Complex Numbers
Let $a$ and $b$ be real numbers, the complex number is an expression in the form $a+b\mathbf{i}$ where $\mathbf{i}=\sqrt{-1}$. In the complex plane or Cartesian coordinate system, the complex number $a+b\mathbf{i}$ can represent the point with coordinate $(a,b)$.
This complex number calculator supports four binary operations: addition, substraction, multiplication, division, and the following 19 functions.
| function | description/example |
|---|---|
| $\mathrm{arg}(x)$ | This function returns the phase angle (in radians) of complex number $x$ |
| $\mathrm{abs}(x)$ | If $x=a+b\mathbf{i}$, this function returns $\sqrt{a^2+b^2}$ |
| $\mathrm{conj}(x)$ | If $x=a+b\mathbf{i}$, this function returns $a-b\mathbf{i}$ |
| $\mathrm{sqrt}(x)$ | the square root of complex number $x$ |
| $\mathrm{pow}(x,y)$ or $x\hat{\;} y$ | Calculate $x^y$, where $x$ and $y$ are complex numbers. |
| $\exp(x)$ | The base-e exponential function of complex number $x$ |
| $\log(x)$ | The natural logarithm function of complex number $x$ |
| $\sin(x)$ | The sine function of complex number $x$ |
| $\cos(x)$ | The cosine function of complex number $x$ |
| $\tan(x)$ | The tangent function of complex number $x$ |
| $\mathrm{asin}(x)$ | The inverse sine function of complex number $x$ |
| $\mathrm{acos}(x)$ | The inverse cosine function of complex number $x$ |
| $\mathrm{atan}(x)$ | The inverse tangent function of complex number $x$ |
| $\sinh(x)$ | The hyperbolic sine function of complex number $x$ |
| $\cosh(x)$ | The hyperbolic cosine function of complex number $x$ |
| $\tanh(x)$ | The hyperbolic tangent function of complex number $x$ |
| $\mathrm{asinh}(x)$ | The inverse hyperbolic sine function of complex number $x$ |
| $\mathrm{acosh}(x)$ | The inverse hyperbolic cosine function of complex number $x$ |
| $\mathrm{atanh}(x)$ | The inverse hyperbolic tangent function of complex number $x$ |
Input Data
This calculator requires two input data. The first are the data of complex numbers that will be used in the evaluation. They are entered as $n\times 2$ real matrix, where $n$ is the number of complex numbers we want to use, the first column of the matrix are the real parts and the second column the imaginary parts. The second input is a math expression of the complex numbers, where $x_i$ in the expression is the complex number in the $i^\mathrm{th}$ row of the matrix.
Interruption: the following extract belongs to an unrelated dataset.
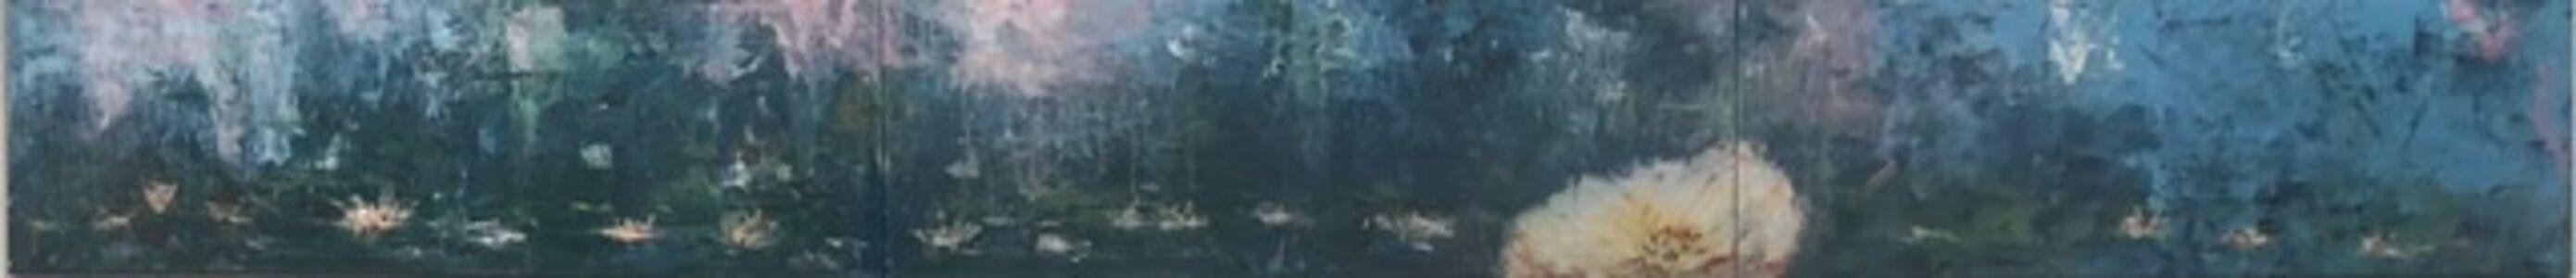 Joan Criscione, 'Always love me (Tryptic)', 2012

As an example, we want to evaluate $\exp(1+2\mathbf{i})/(3+4\mathbf{i})$. We can denote $x_1=1+2\mathbf{i}$ and $x_2=3+4\mathbf{i}$ so the math expression we want to evaluate is $\exp(x_1)/x_2$. Here is the input matrix
1 2
3 4
and the math expression
exp(x1)/x2
getting the result
0.2597 0.4776
which are the real part and imaginary part of the evaluation.
Another example, let's approximate the derivative of a function using Complex Step Differentiation. Let $F(x)=\displaystyle\frac{\mathrm{e}^x}{(\cos x)^3+(\sin x)^3}$, we want to find $F'(\pi/4)$ with complex step $h=10^{-16}$. Here is the input matrix
pi/4 1.0e-16
and the math expression
exp(x1)/( cos(x1)^3 + sin(x1)^3 )We get the output $3.101766393836052+ 3.101766393836053\times 10^{-16}\mathbf{i}$. Dividing the imaginary part with $h$ gives $3.101766393836053$, an approximated value of $F'(\pi/4)$.